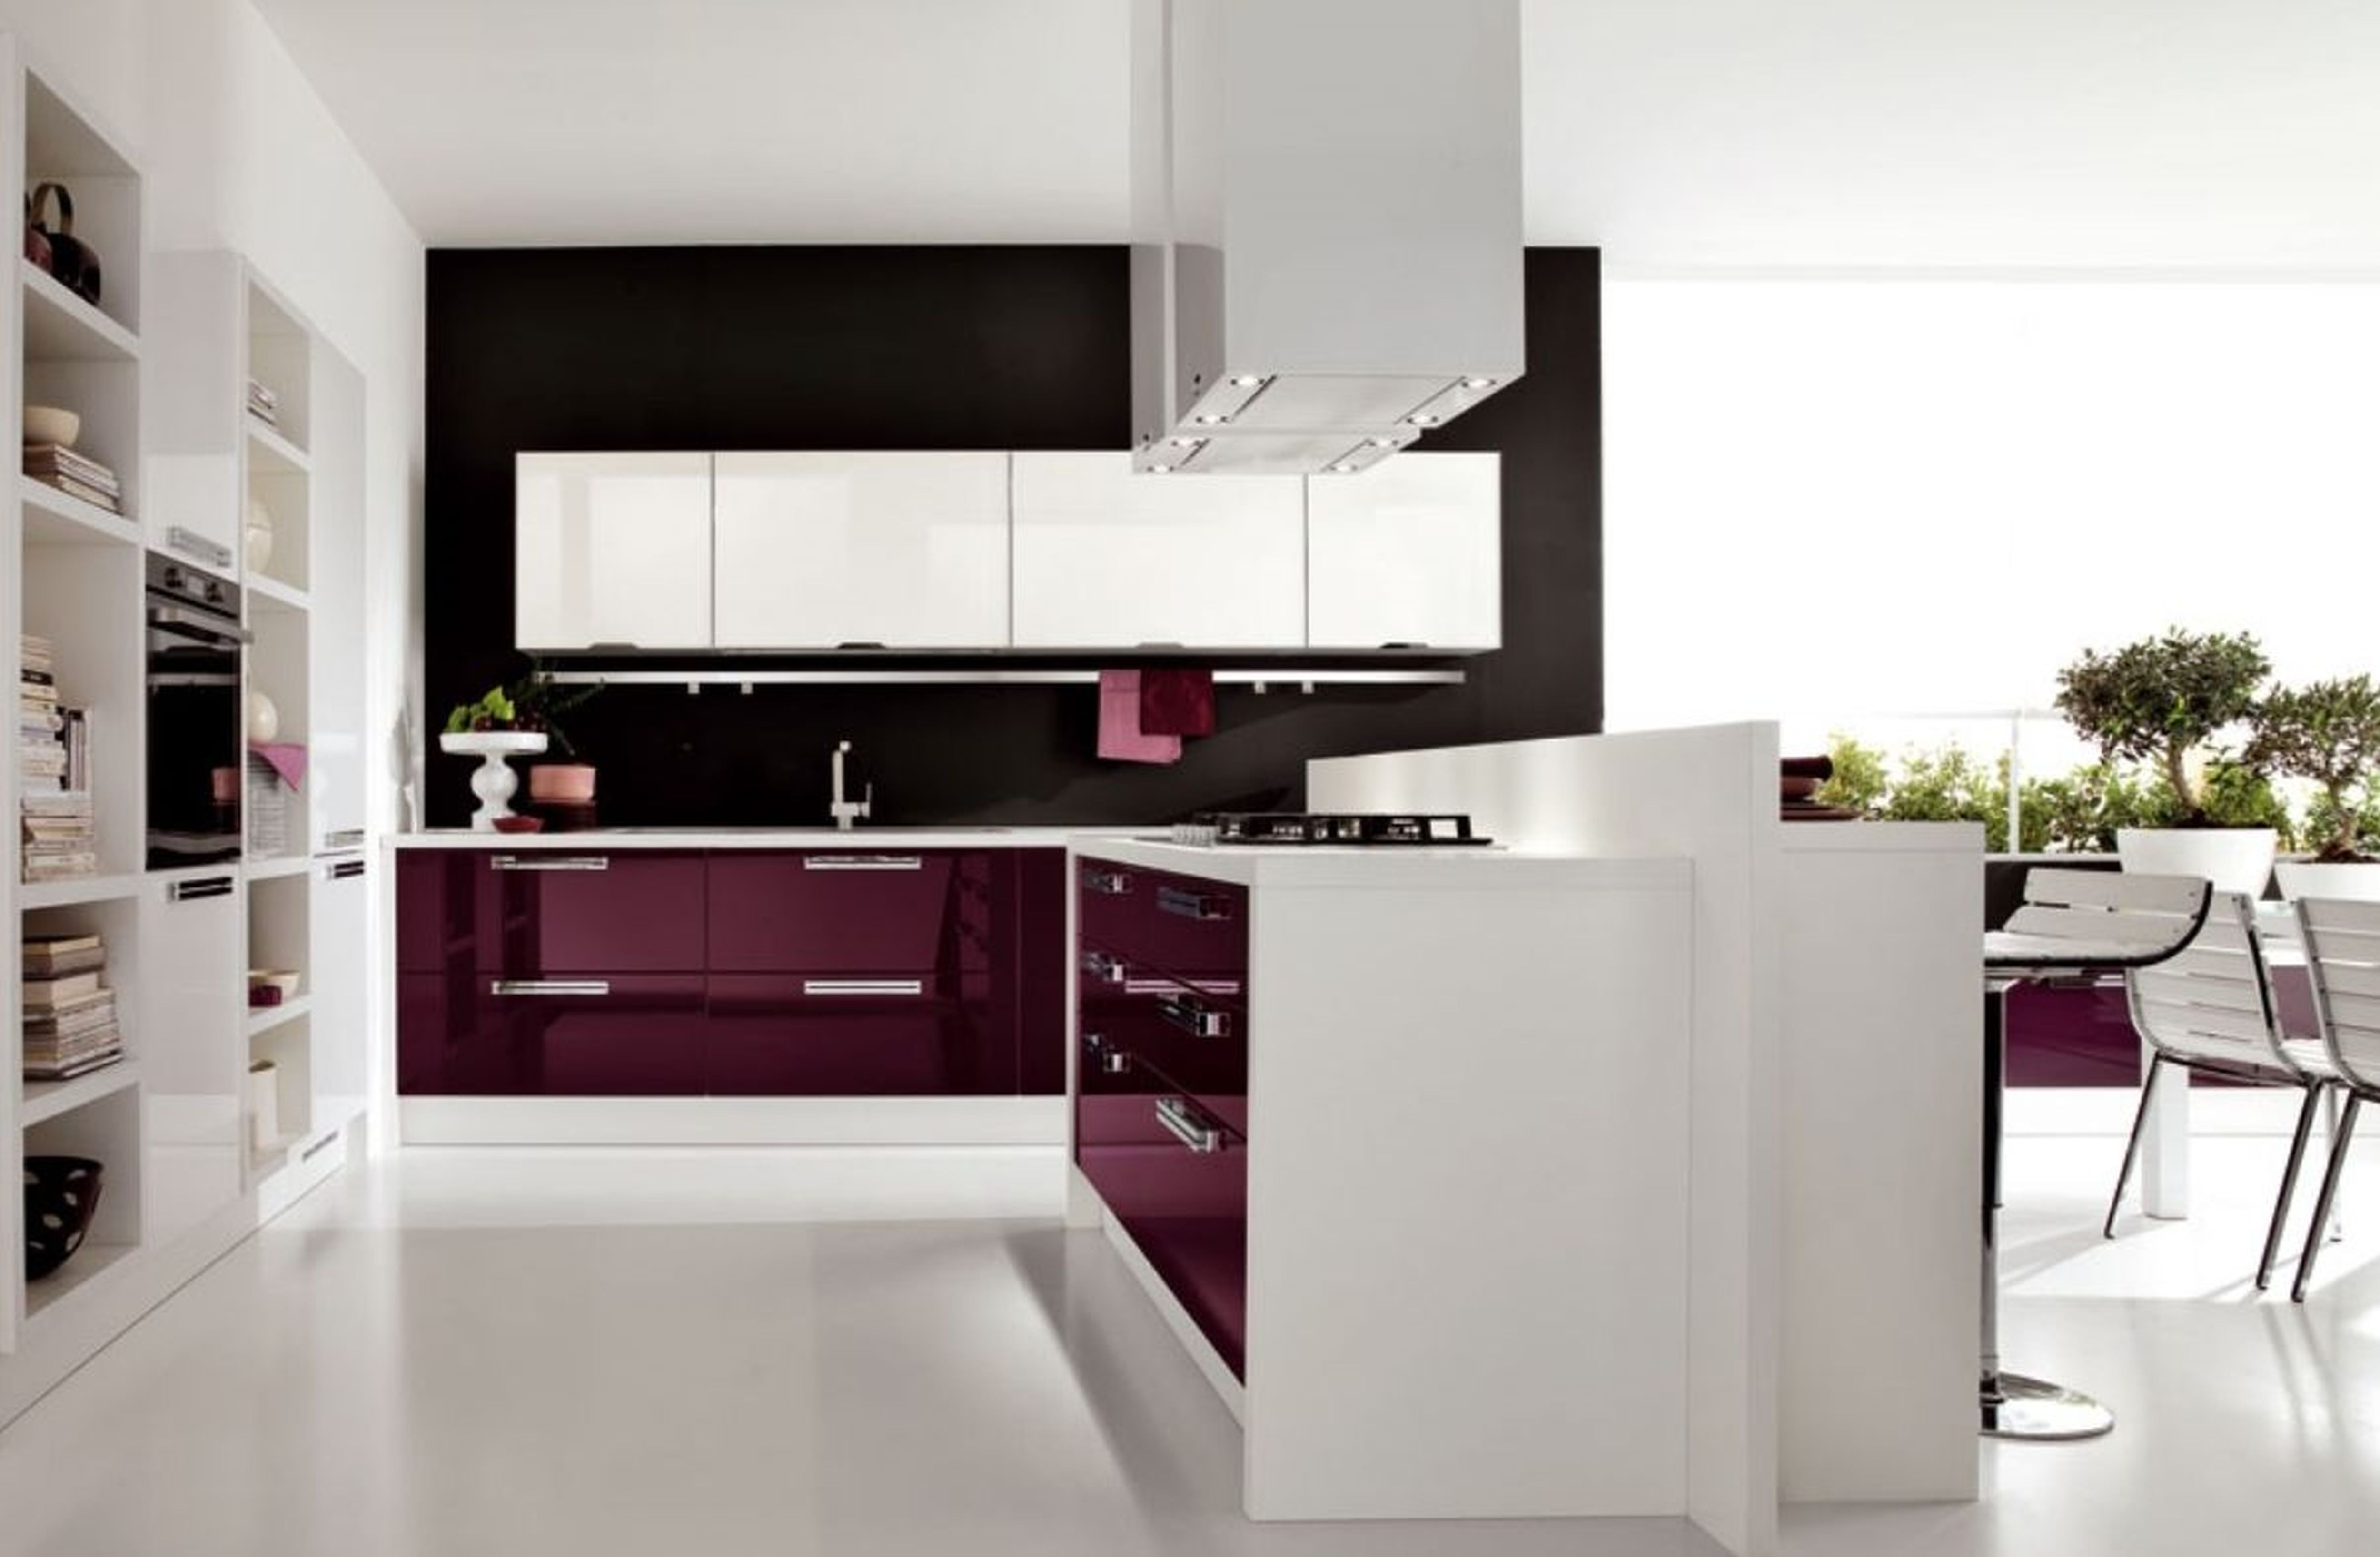 dapur modern dengan warna putih ungu menjadi pilihan pada kabinet
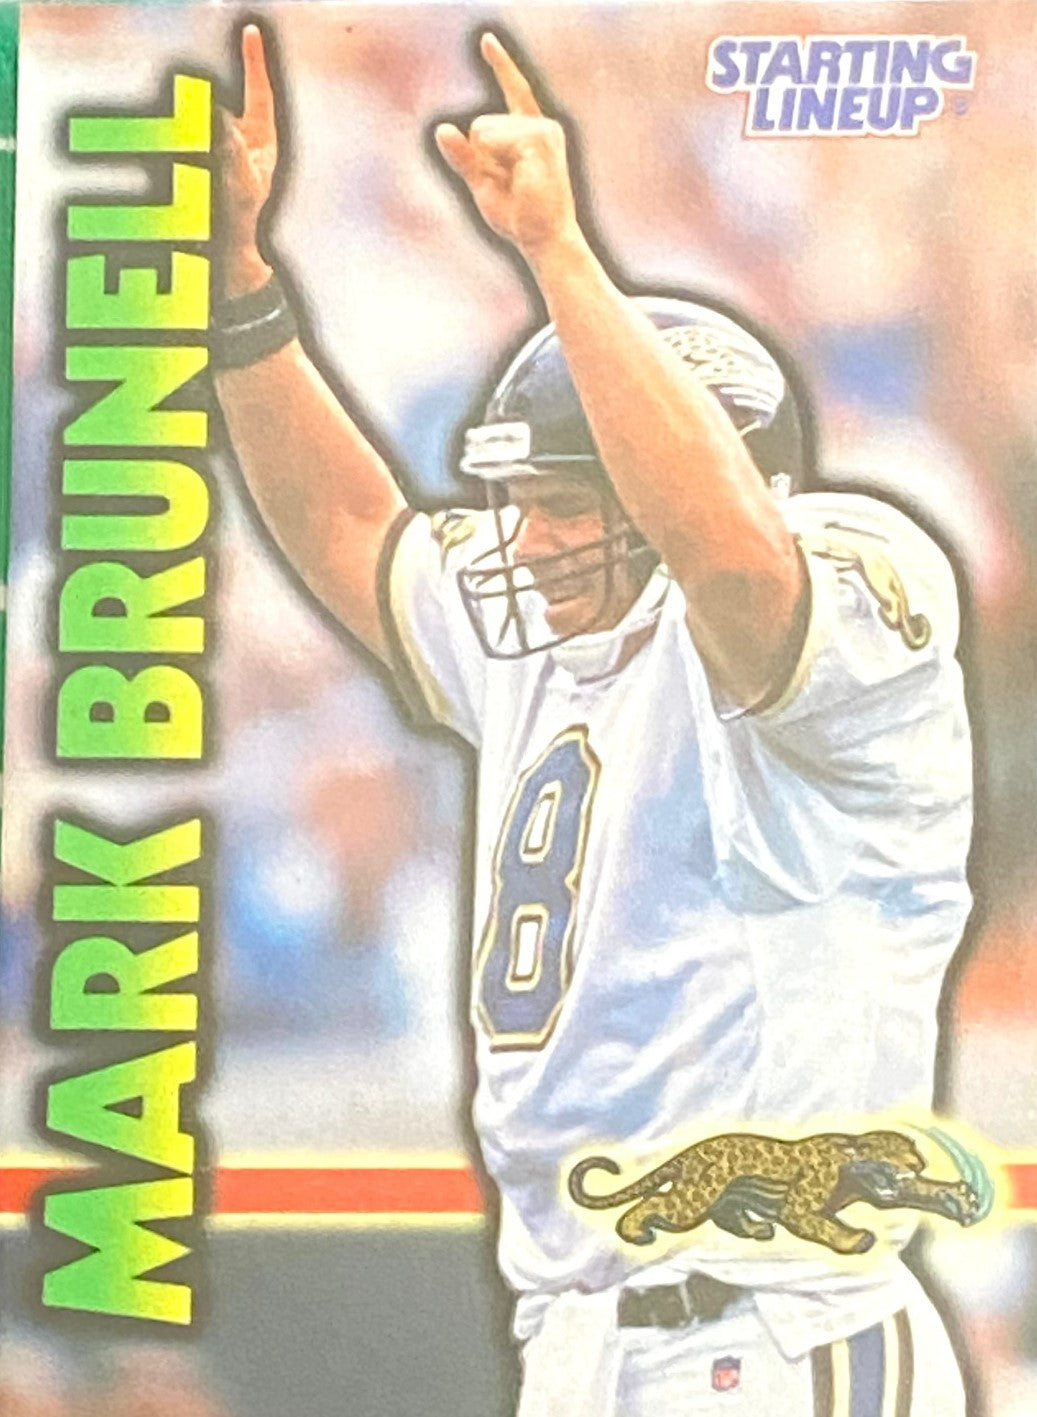 Mark Brunell 1999-2000 NFL Jacksonville Jaguars Starting Lineup Figurine NOS by Hasbro
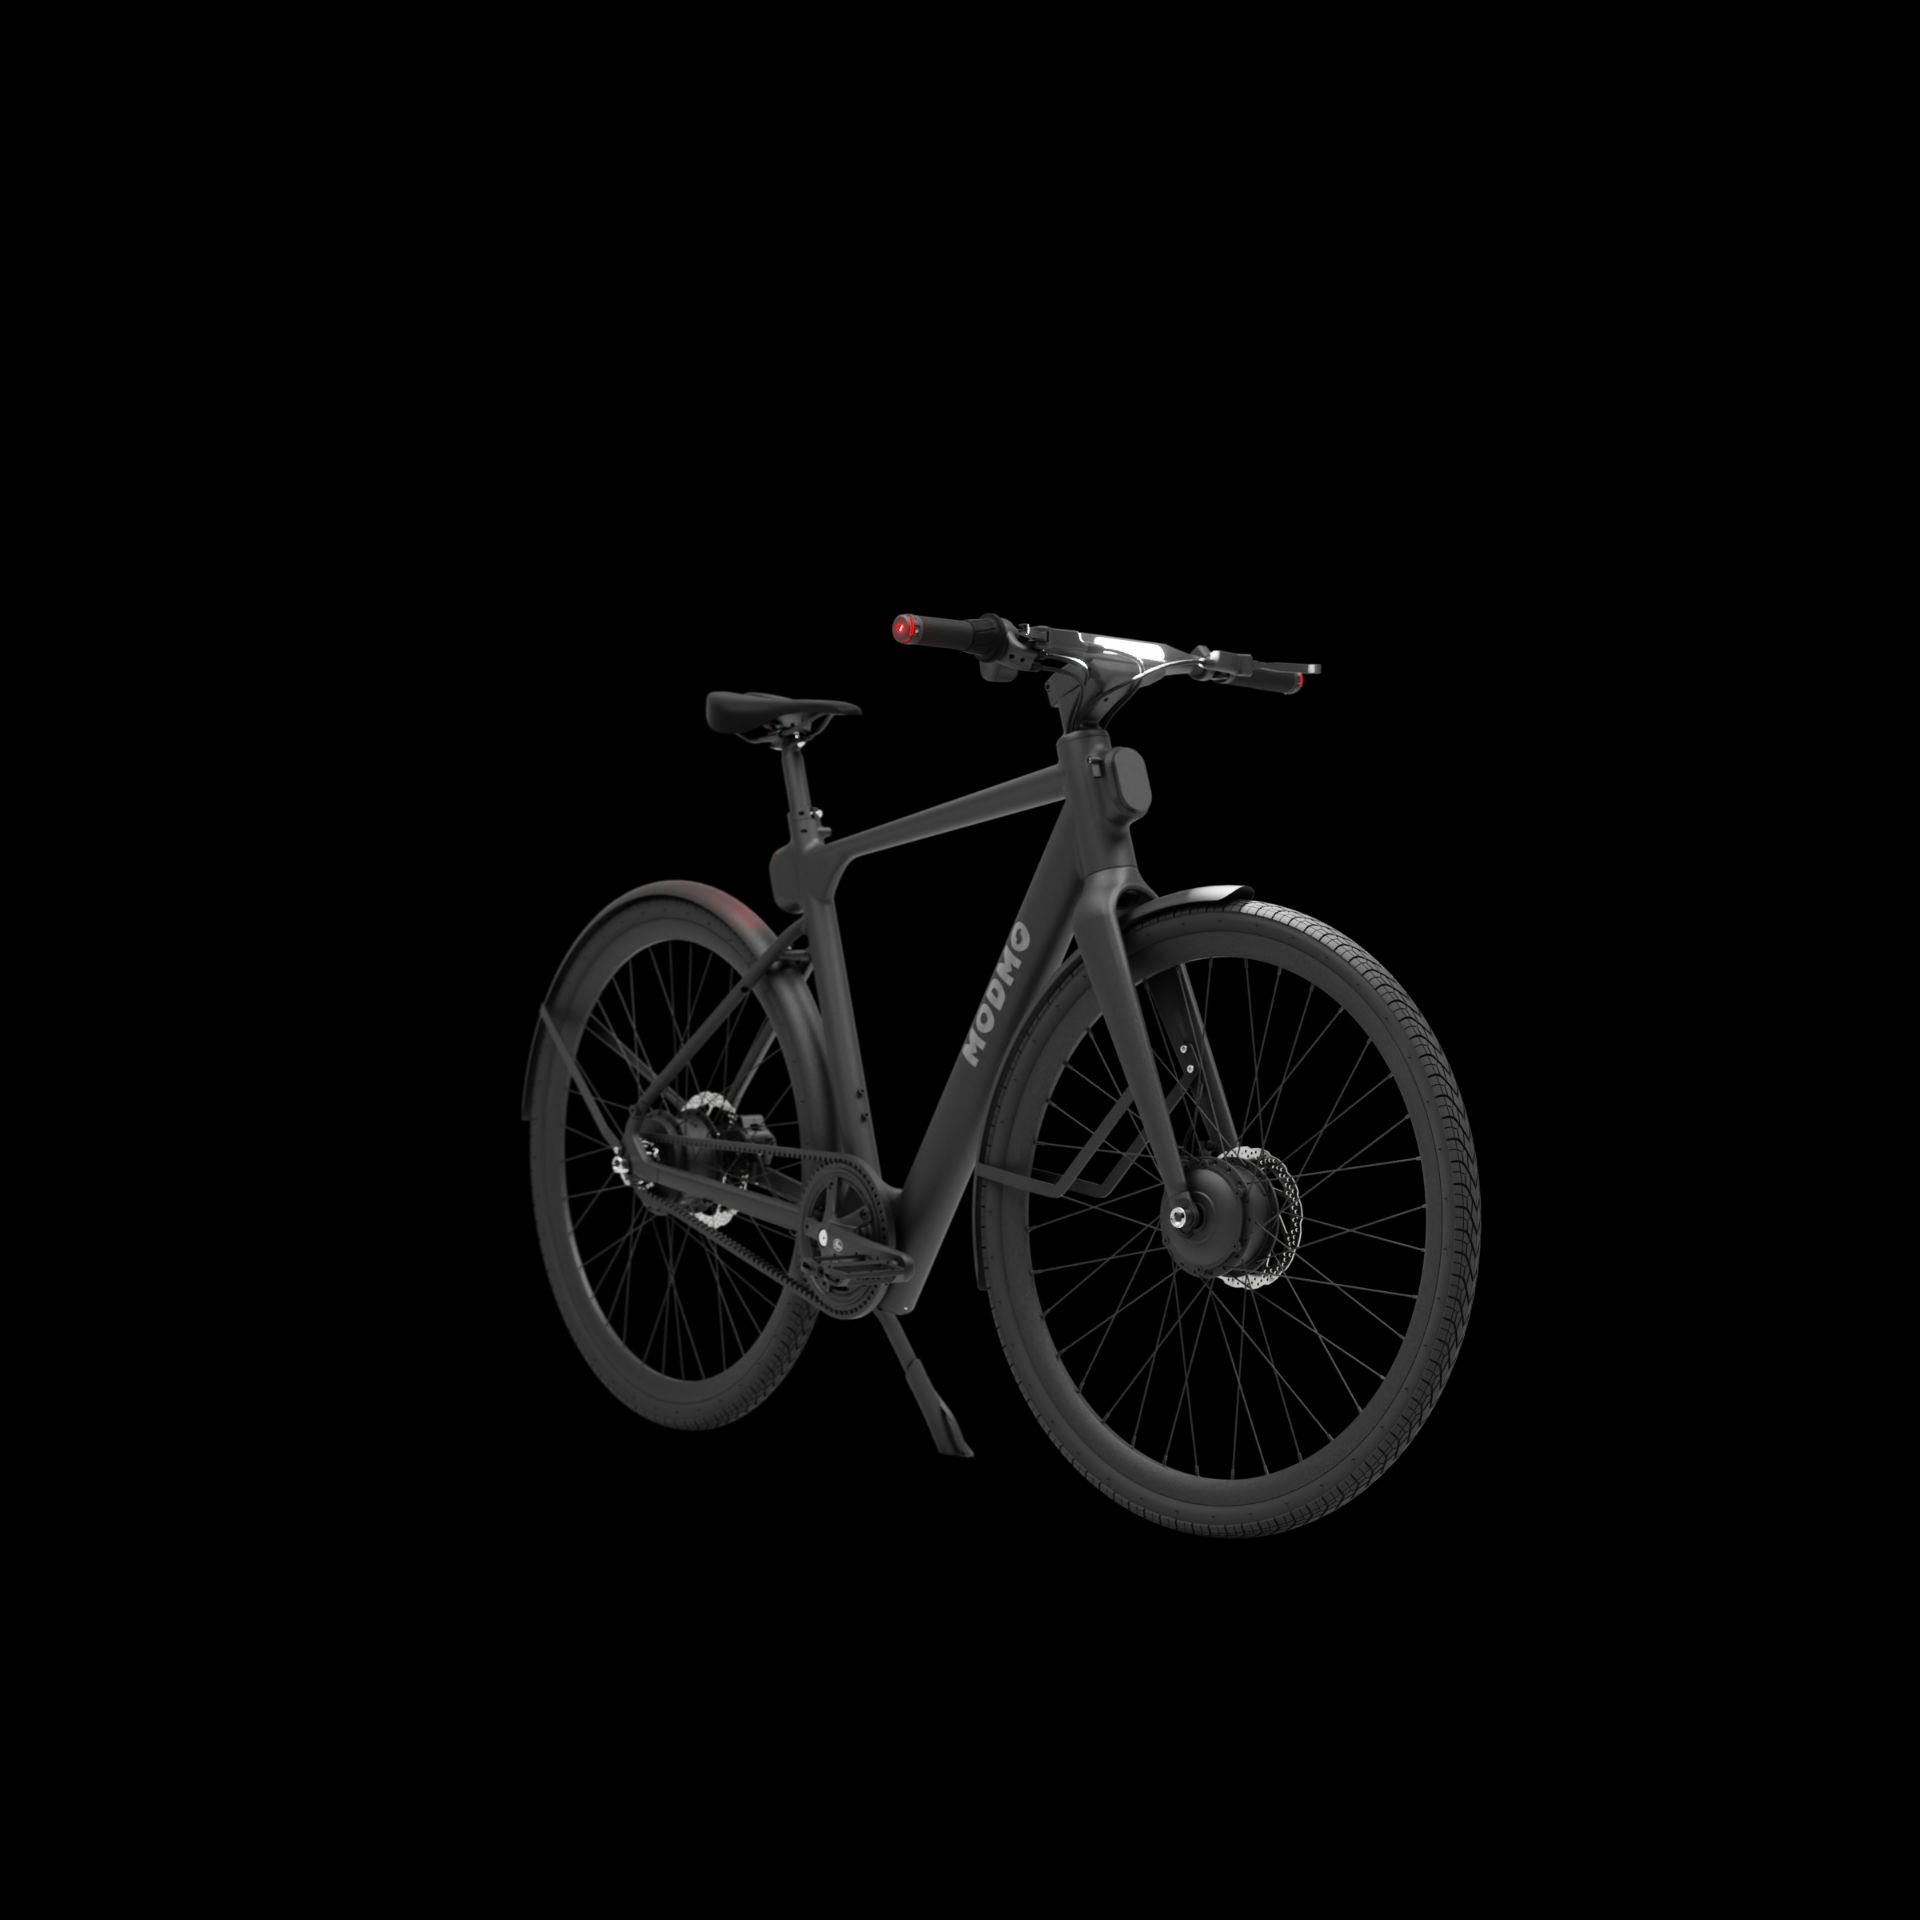 Modmo Saigon+ Electric Bicycle - RRP £2800 - Size L (Rider 175-190cm) - Image 15 of 21
━━━━━━
▶ **Problem details**:
Begin at the line containing "Mark Brunell 1999-2000" and copy every line through the end of the data above exactly, omitting the pictures.

▶ **Solution**:
 Mark Brunell 1999-2000 NFL Jacksonville Jaguars Starting Lineup Figurine NOS by Hasbro
 Modmo Saigon+ Electric Bicycle - RRP £2800 - Size L (Rider 175-190cm) - Image 15 of 21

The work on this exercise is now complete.